Romney criticizes Perry after raising money in his state

Republican presidential candidate, former Massachusetts Gov. Mitt Romney gestures during a business roundtable at a local car dealership, Wednesday, Sept. 14, 2011, in Tucson, Ariz. (AP Photo/Ross D. Franklin) Ross D. Franklin

Republican presidential candidate, former Massachusetts Gov. Mitt Romney gestures during a business roundtable at a local car dealership, Wednesday, Sept. 14, 2011, in Tucson, Ariz.
Ross D. Franklin

Updated 10:05 p.m. ET

TUCSON, Ariz. -- One day after staging a fundraising raid on Texas Gov. Rick Perry's home state, Mitt Romney courted business audience here on Wednesday, making his first visit of the 2012 campaign to a state where Gov. Jan Brewer just moved up next year's presidential primary date.

In a meeting where he fielded questions from a group of about 40 business leaders, Romney emphasized his business credentials and let slip that he had spent the previous day in Perry territory - raising money in Dallas and Houston.

As he has through most of his campaign, Romney continued to train his sharpest criticism on President Obama, calling Tuesday's GOP victories in two special congressional elections votes of no-confidence in the administration's economic policies.

"He said let me borrow $800 billion to stimulate the economy and then I'll hold unemployment below eight percent, and it has not been below eight percent since," said Romney. "By his own definition, he's failed. So give someone else a chance. And obviously I hope to be that person. Because what I do is what the country needs. . . I do turnarounds." The reference was to Romney's experience at Bain Capital, an investment firm he co-founded.

Romney also criticized Obama's Middle East policy, a factor in the New York City congressional race that Democrats lost Tuesday in a district with a heavy concentration of Jewish voters. Obama's efforts to push Israel to a peace agreement that would include a retreat to the Jewish state's pre-1967 borders have backfired, Romney argued. "When you are not committed to your allies and those who share your values, you encourage adventurism," he said. "I think Jewish American citizens have been disturbed by the president's policies with regard to Israel."

Among his GOP presidential opponents, Romney mentioned only one by name - his chief rival, Rick Perry, alluding to their differences on immigration. Romney repeated his call to "secure the border," a subject on which he has clashed with Perry during the last two Republican debates. Romney favors a border fence. Perry, who oversees 1,200 miles of border with Mexico, contends that's impractical. The two also have disagreed over Perry's decision to provide tuition breaks to children of illegal immigrants.

"I'd like people to come here legally," Romney told the crowd. "Those who come here legally tend to start more businesses."

It was a strategic message in a state that enacted one of the most stringent crackdowns on illegal immigrants last year (later largely rolled back by a federal court) and Brewer just announced plans to move the presidential primary to Feb. 28, potentially making her state a key player in the presidential eliminations process.

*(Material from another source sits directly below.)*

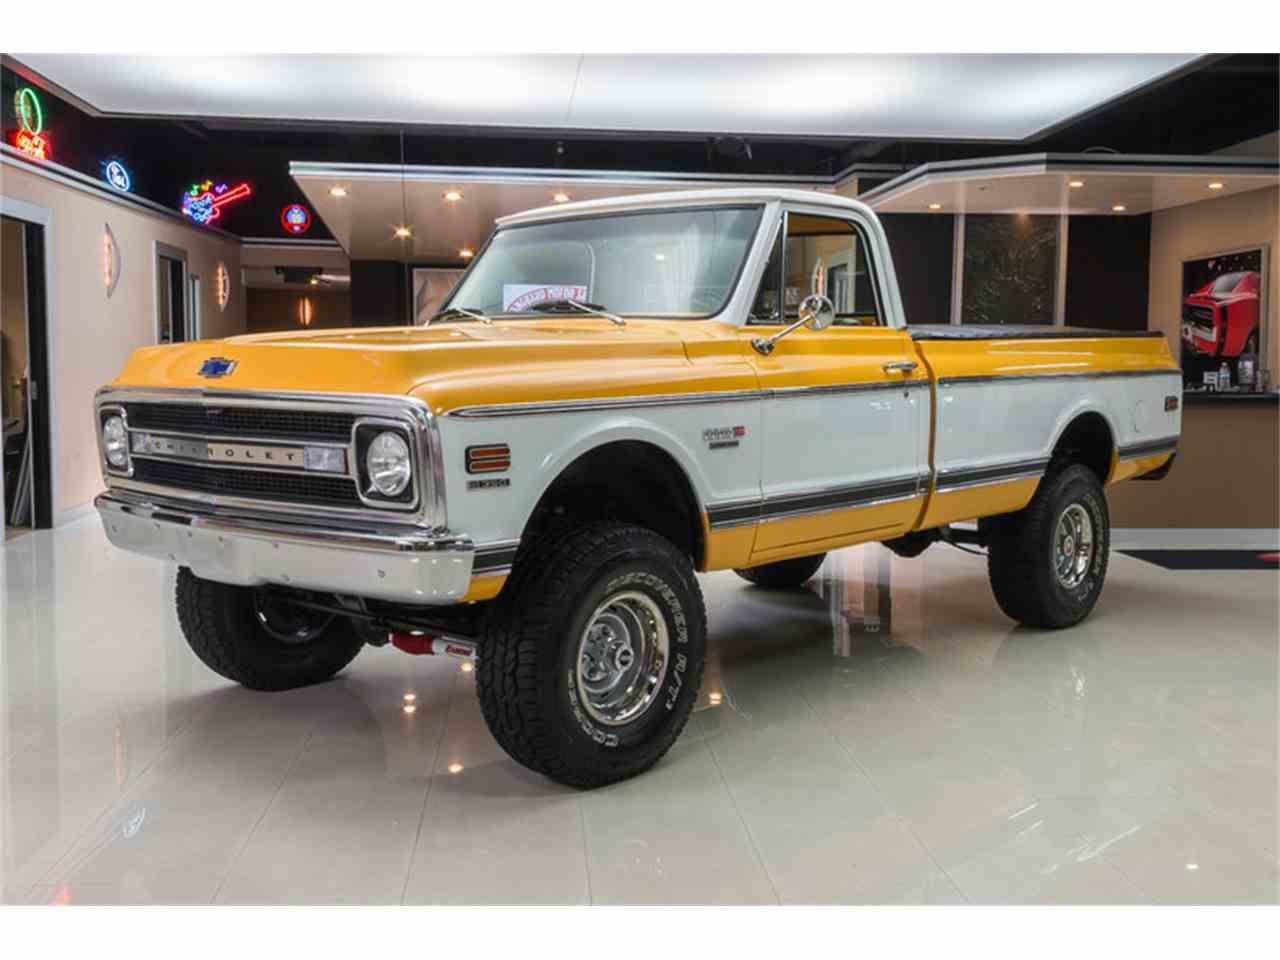 1970 chevrolet k 10 cheyenne 4x4 pickup for sale cc 876226. Black Bedroom Furniture Sets. Home Design Ideas

Romney appeared to have been a hit with at least one member of the audience. "We were actually liking Rick Perry. But after the last two debates, we said, we're switching, that's it," one man told Romney after the event. "He couldn't have done what you did today, inviting people to put him on the spot."

Correction: An earlier version of this post misstated how much Romney said Obama borrowed.